WHAT IS BEING ASKED
Leave the pictures out and quote every line from the start of the listing to the line with "vestido evasé da", inclusive.

PROVIDED MATERIAL
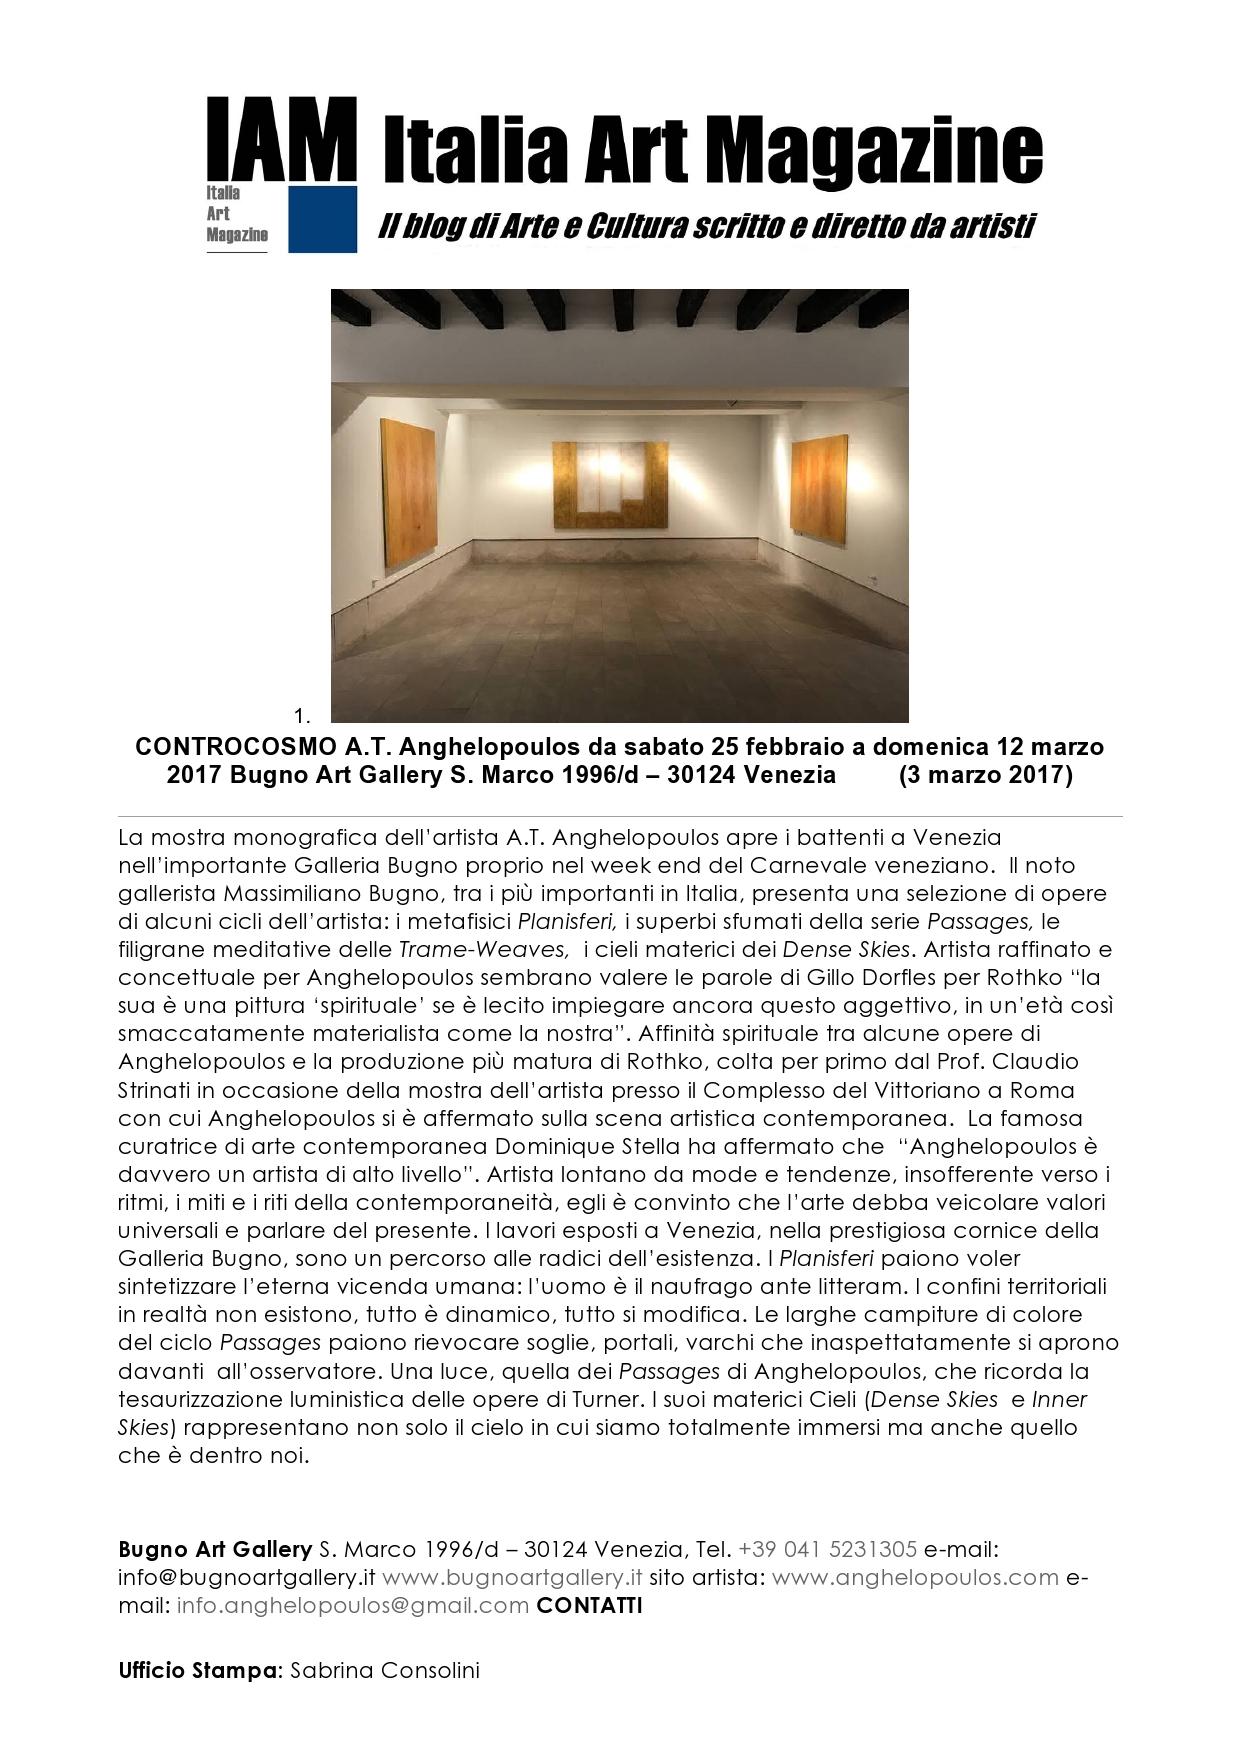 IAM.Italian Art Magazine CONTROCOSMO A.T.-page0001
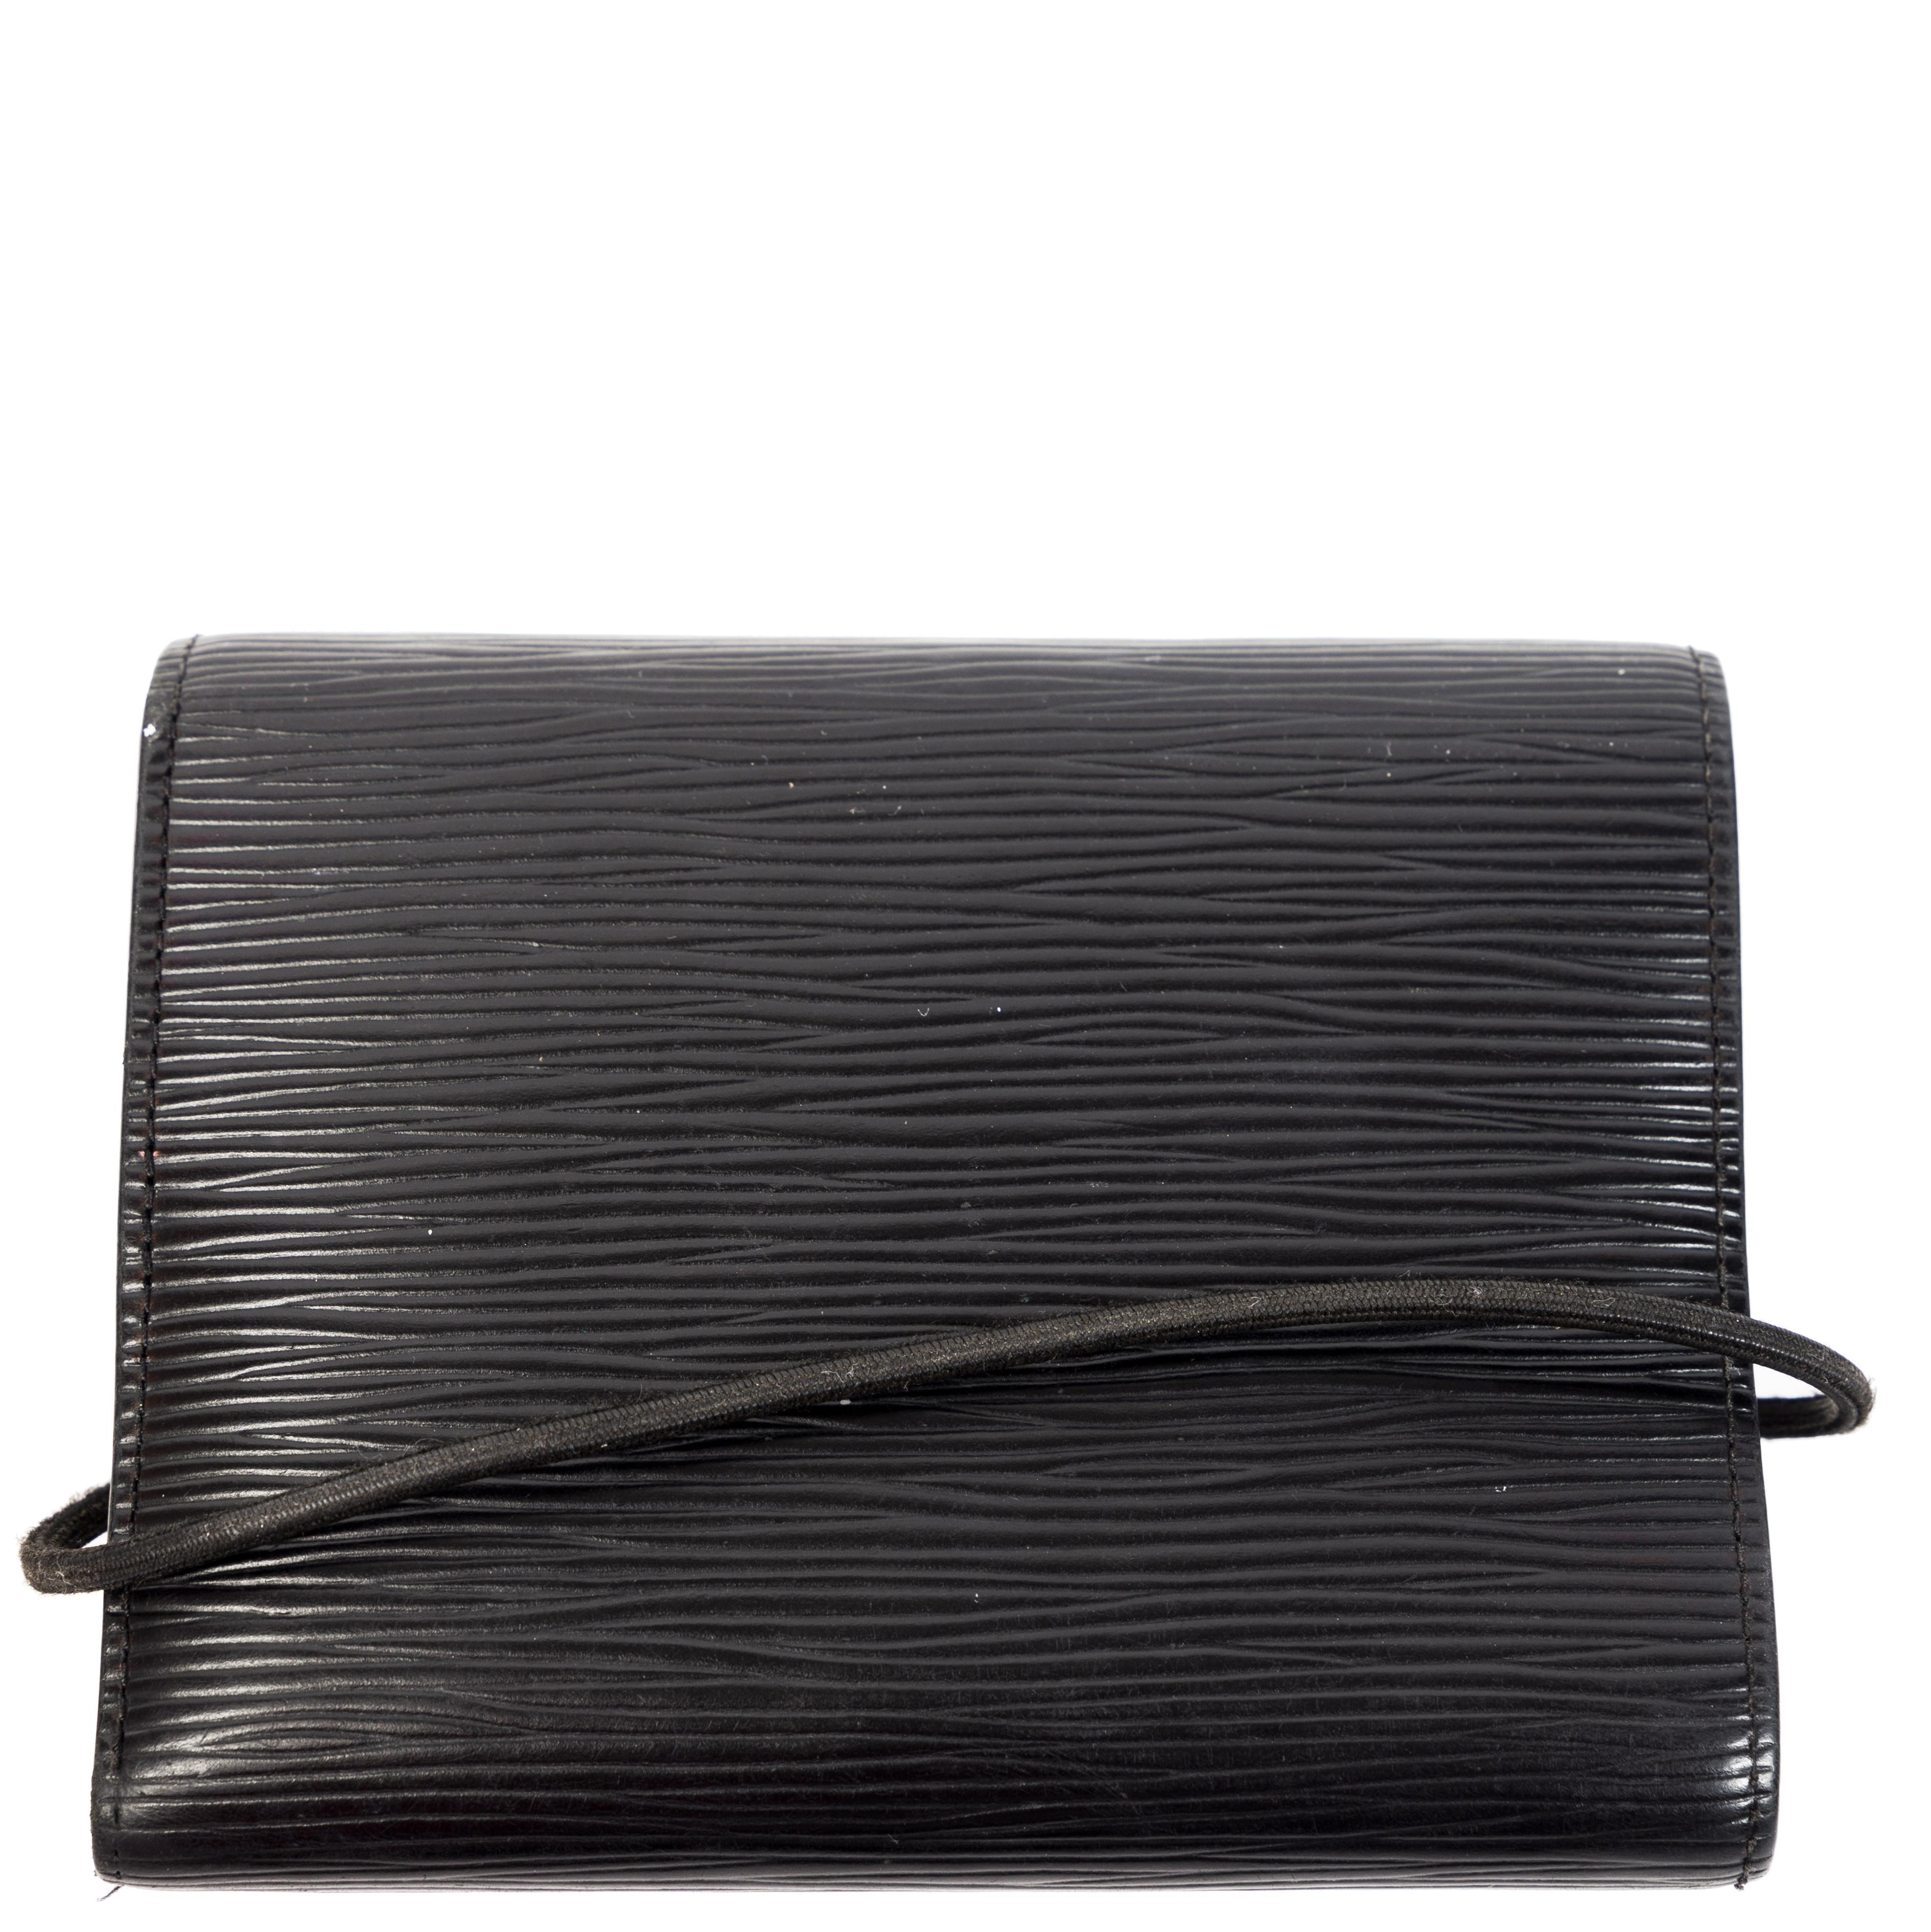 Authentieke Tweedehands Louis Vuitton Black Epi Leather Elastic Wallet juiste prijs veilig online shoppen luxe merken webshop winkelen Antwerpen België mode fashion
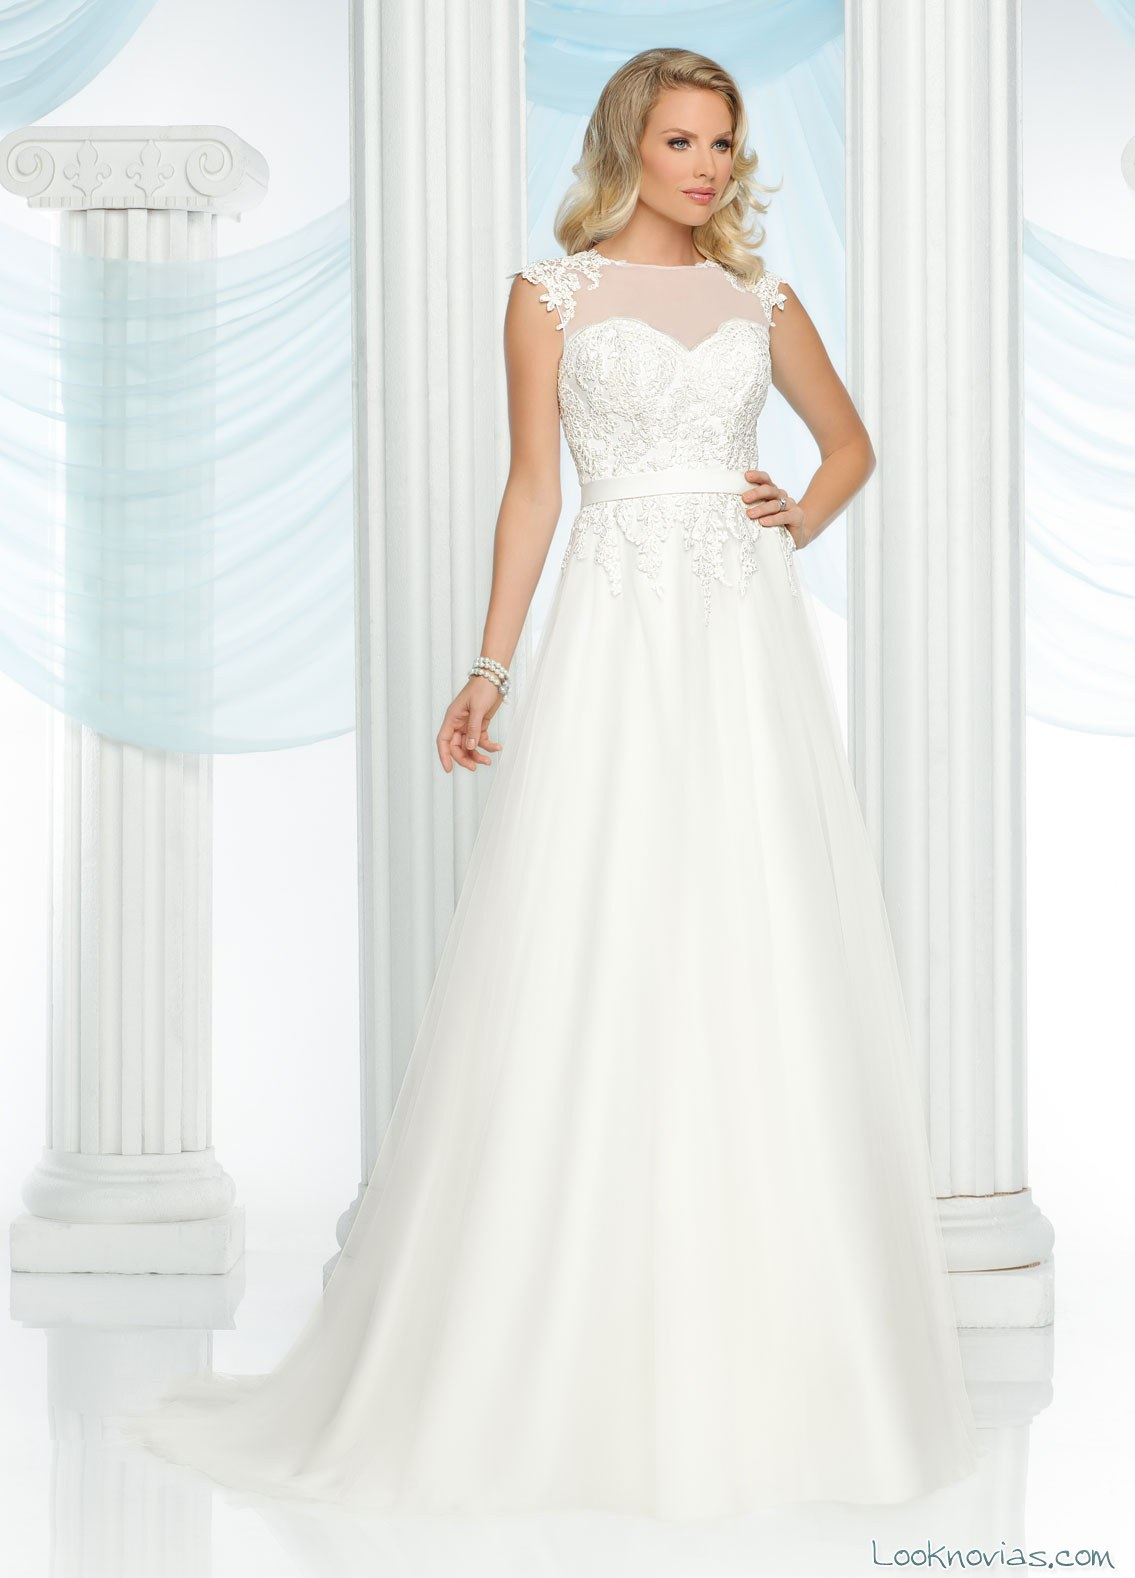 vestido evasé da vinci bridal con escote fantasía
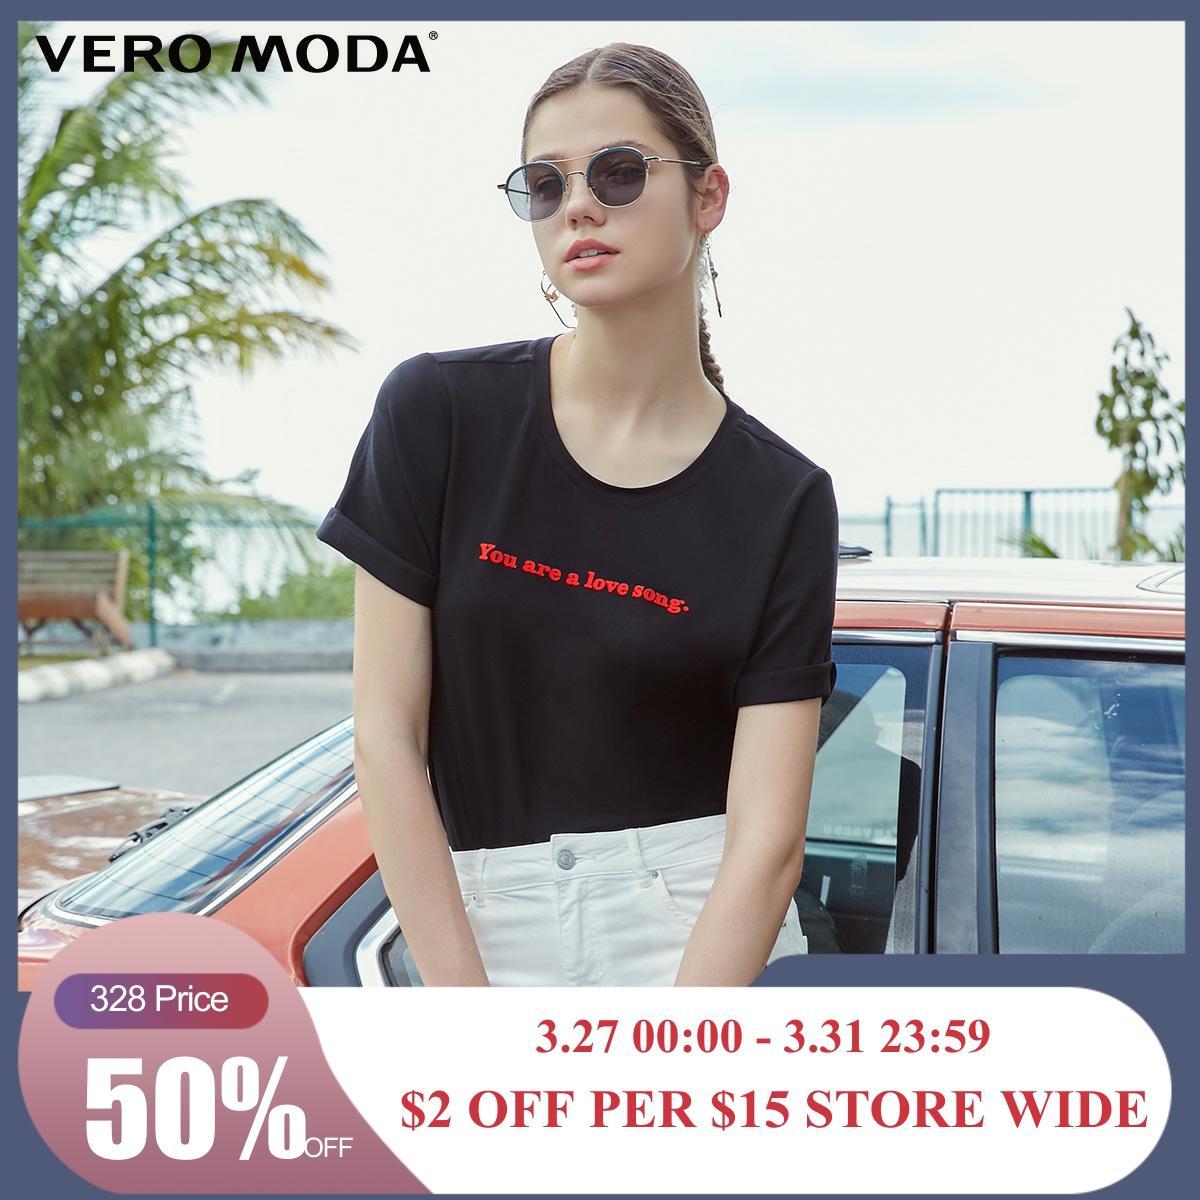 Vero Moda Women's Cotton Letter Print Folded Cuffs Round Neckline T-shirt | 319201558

WRITTEN ANSWER
 IAM.Italian Art Magazine CONTROCOSMO A.T.-page0001
 Authentieke Tweedehands Louis Vuitton Black Epi Leather Elastic Wallet juiste prijs veilig online shoppen luxe merken webshop winkelen Antwerpen België mode fashion
 vestido evasé da vinci bridal con escote fantasía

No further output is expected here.